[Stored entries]
━━━

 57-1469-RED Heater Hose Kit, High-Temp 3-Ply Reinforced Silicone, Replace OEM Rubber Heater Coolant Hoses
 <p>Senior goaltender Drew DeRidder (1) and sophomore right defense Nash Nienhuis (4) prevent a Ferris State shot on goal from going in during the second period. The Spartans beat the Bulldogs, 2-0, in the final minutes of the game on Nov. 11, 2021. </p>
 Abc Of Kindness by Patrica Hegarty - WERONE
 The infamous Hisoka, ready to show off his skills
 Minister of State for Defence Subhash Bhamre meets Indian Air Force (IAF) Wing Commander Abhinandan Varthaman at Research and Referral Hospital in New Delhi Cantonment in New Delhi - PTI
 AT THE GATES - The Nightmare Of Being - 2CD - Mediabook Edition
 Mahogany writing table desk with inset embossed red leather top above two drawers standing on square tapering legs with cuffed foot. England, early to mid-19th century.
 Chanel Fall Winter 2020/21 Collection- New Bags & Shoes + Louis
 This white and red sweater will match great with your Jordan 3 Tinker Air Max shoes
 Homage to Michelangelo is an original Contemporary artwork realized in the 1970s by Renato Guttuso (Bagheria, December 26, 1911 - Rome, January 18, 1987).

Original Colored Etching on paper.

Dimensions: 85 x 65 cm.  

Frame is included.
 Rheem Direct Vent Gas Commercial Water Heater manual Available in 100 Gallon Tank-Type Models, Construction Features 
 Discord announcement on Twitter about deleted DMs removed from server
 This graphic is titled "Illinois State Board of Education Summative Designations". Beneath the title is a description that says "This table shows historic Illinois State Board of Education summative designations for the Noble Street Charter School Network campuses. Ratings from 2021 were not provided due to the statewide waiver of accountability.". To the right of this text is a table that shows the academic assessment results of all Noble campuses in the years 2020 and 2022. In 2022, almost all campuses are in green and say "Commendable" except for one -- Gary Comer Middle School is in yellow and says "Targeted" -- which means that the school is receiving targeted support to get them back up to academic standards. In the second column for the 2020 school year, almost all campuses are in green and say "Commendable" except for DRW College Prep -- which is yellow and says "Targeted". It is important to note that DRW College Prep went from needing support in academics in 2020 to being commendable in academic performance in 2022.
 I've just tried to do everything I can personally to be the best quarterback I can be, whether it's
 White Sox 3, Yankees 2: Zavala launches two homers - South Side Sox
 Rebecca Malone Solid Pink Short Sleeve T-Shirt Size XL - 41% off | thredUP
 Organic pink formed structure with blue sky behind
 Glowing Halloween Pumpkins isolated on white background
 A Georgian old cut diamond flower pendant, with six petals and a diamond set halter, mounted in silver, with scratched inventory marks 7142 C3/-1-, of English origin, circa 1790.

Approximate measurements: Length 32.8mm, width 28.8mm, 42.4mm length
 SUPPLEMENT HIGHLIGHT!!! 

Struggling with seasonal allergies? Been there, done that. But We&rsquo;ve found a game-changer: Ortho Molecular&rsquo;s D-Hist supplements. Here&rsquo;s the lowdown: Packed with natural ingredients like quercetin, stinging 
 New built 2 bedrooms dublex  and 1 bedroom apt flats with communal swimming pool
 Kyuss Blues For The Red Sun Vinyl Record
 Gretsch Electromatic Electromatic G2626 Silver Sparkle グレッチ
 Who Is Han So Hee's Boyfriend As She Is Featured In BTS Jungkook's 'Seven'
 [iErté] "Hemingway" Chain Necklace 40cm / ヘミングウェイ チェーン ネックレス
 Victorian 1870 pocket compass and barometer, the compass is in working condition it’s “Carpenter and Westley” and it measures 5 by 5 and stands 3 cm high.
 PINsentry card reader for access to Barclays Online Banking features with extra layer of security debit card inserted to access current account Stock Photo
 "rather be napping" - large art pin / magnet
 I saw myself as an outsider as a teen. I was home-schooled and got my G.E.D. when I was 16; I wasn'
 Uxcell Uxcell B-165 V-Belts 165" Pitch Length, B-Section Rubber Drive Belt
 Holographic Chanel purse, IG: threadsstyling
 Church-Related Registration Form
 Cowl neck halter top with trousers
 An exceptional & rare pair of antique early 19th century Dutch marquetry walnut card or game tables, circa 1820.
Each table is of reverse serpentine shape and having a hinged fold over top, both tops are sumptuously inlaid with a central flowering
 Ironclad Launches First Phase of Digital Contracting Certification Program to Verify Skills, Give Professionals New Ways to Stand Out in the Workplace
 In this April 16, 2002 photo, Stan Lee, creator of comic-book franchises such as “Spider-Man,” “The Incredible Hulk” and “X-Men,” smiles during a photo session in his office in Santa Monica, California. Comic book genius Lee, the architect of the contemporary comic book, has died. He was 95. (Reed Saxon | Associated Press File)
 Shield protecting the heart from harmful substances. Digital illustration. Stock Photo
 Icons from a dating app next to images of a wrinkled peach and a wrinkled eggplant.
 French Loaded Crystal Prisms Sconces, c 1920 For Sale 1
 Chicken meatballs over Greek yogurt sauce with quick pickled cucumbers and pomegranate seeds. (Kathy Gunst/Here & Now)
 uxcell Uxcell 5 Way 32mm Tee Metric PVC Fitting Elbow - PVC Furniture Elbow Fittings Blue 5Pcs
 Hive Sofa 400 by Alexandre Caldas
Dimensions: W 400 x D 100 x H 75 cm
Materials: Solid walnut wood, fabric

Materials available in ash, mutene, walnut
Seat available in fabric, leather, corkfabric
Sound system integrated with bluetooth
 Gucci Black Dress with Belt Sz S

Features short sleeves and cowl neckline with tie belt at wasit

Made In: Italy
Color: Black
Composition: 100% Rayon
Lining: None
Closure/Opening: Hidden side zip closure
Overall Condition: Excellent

━━━

Problem statement:
Your answer must be the lines from the first line of the records through the line containing "AT THE GATES", copied exactly.

Solution to this exercise:
 57-1469-RED Heater Hose Kit, High-Temp 3-Ply Reinforced Silicone, Replace OEM Rubber Heater Coolant Hoses
 <p>Senior goaltender Drew DeRidder (1) and sophomore right defense Nash Nienhuis (4) prevent a Ferris State shot on goal from going in during the second period. The Spartans beat the Bulldogs, 2-0, in the final minutes of the game on Nov. 11, 2021. </p>
 Abc Of Kindness by Patrica Hegarty - WERONE
 The infamous Hisoka, ready to show off his skills
 Minister of State for Defence Subhash Bhamre meets Indian Air Force (IAF) Wing Commander Abhinandan Varthaman at Research and Referral Hospital in New Delhi Cantonment in New Delhi - PTI
 AT THE GATES - The Nightmare Of Being - 2CD - Mediabook Edition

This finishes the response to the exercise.